## [AVAILABLE DATA]
======

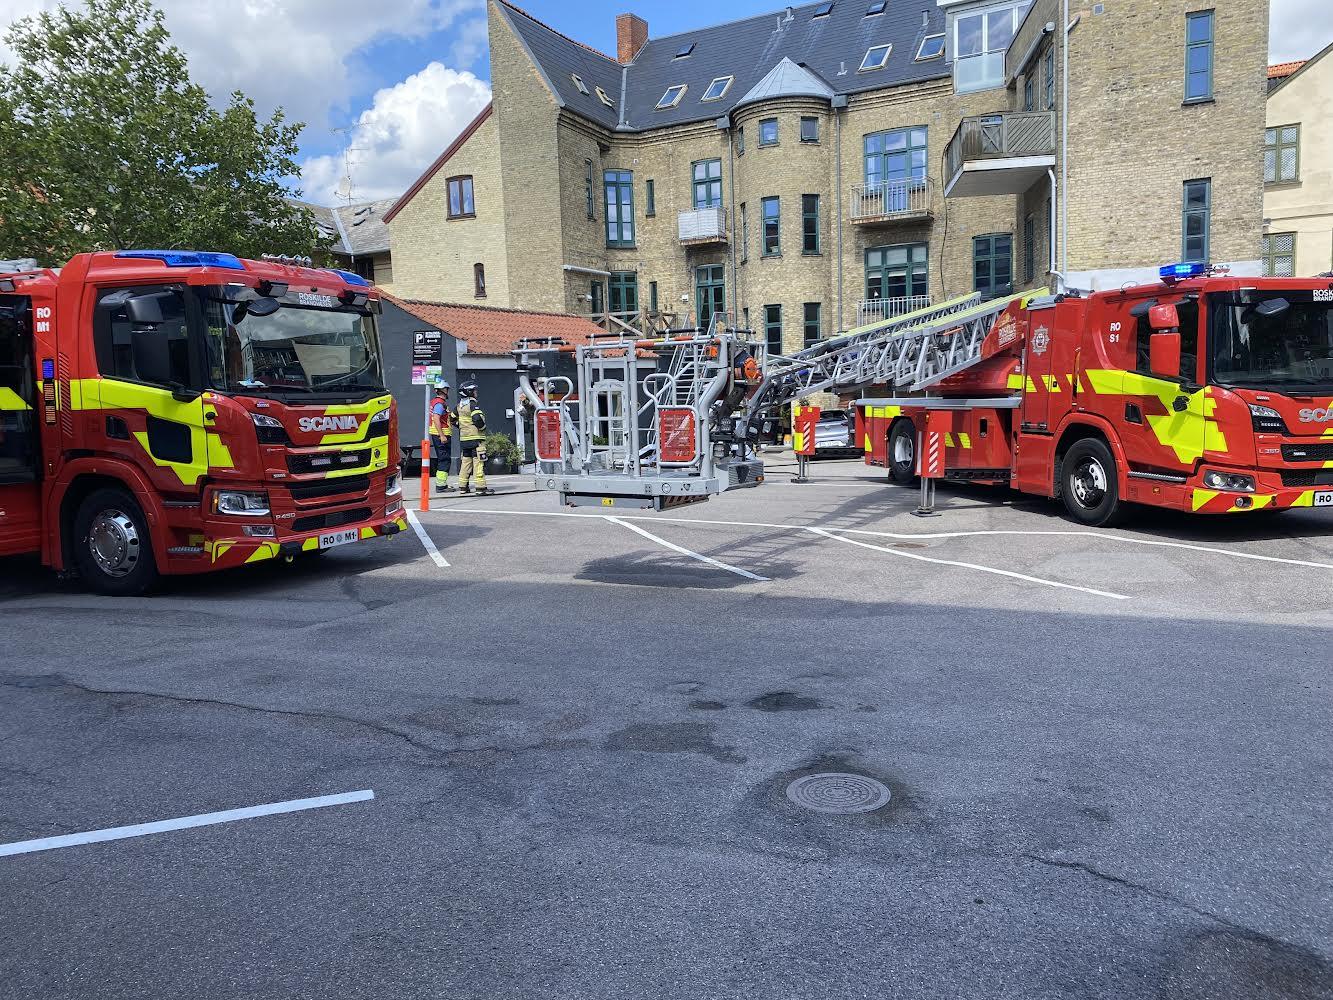 Brand i altan i Roskilde
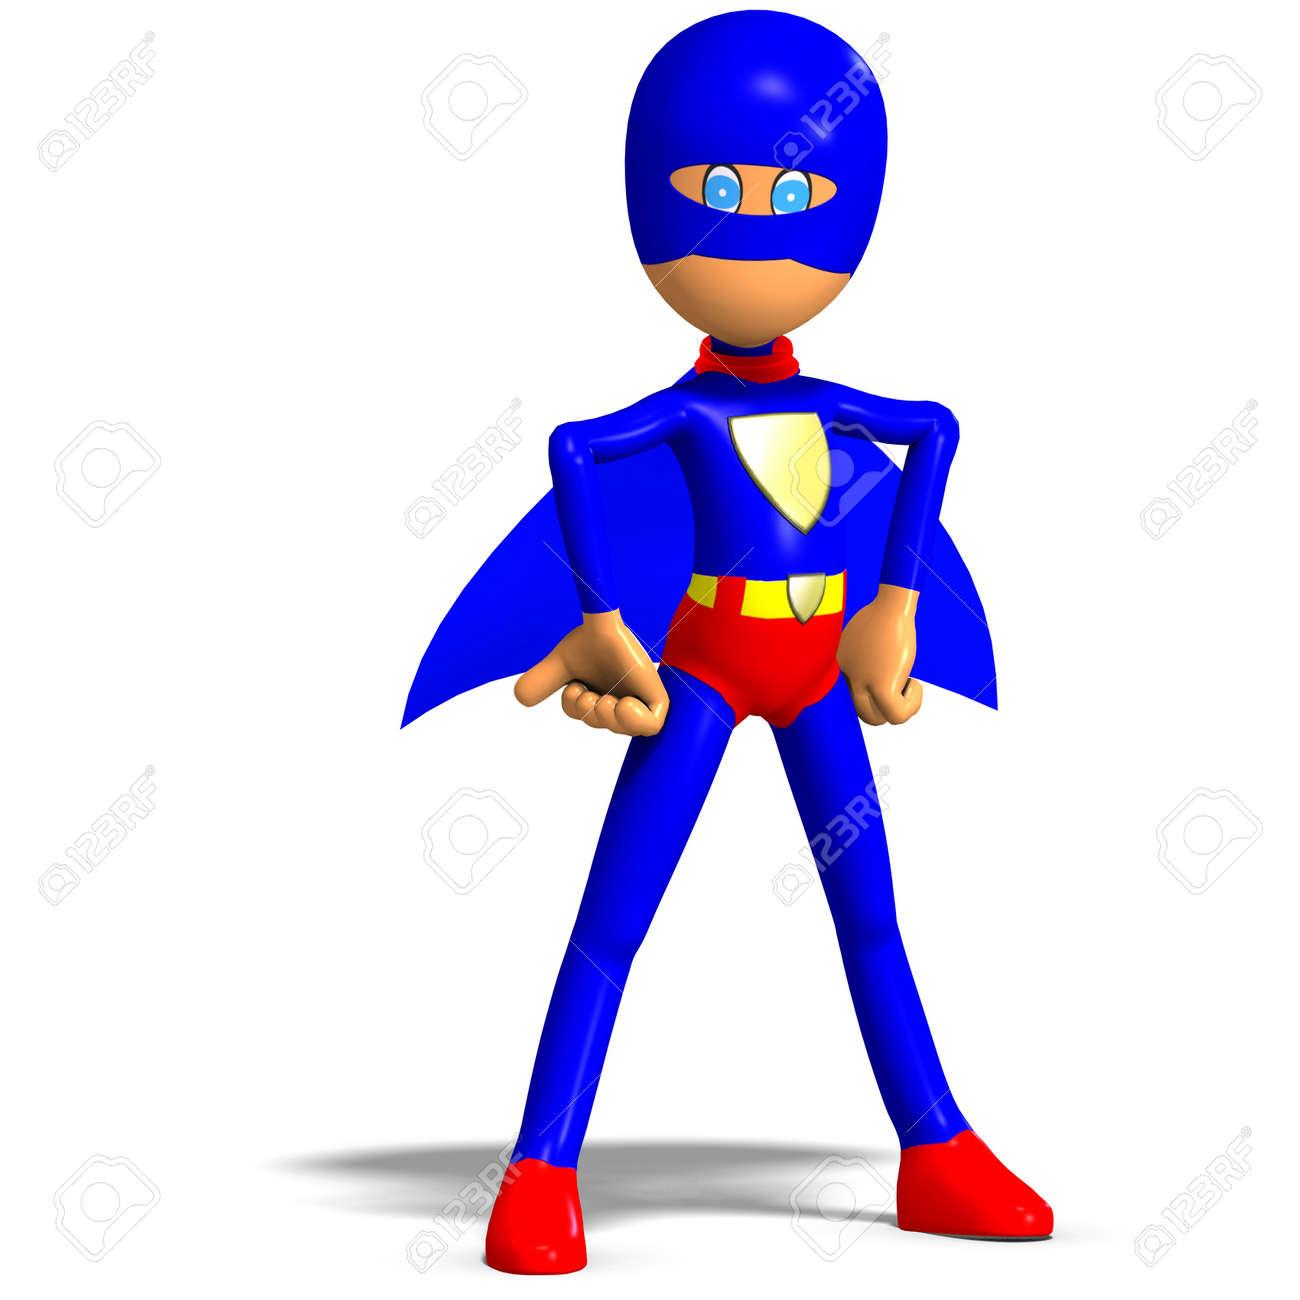 funny cartoon  hero. 3D rendering Stock Photo - 9068931
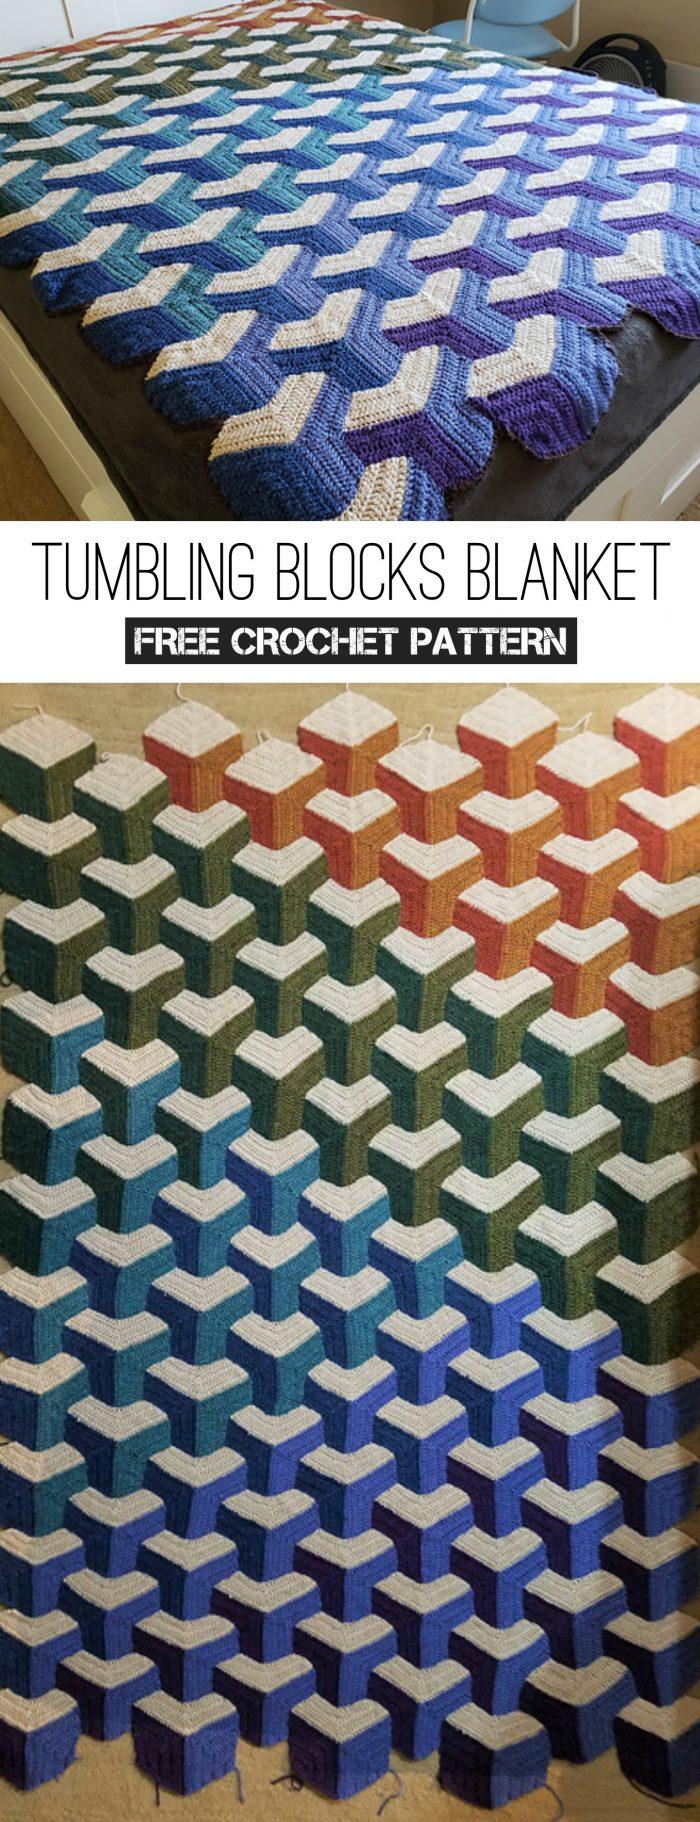 Tumbling Blocks Blanket Free Crochet Pattern

======

## [ABOUT THIS TASK]
Lines from the one containing "Photo - 9068931" through the end of the listing, both included, are to be restated exactly, and pictures are to be left out.

## [ANSWER SPACE]
 funny cartoon  hero. 3D rendering Stock Photo - 9068931
 Tumbling Blocks Blanket Free Crochet Pattern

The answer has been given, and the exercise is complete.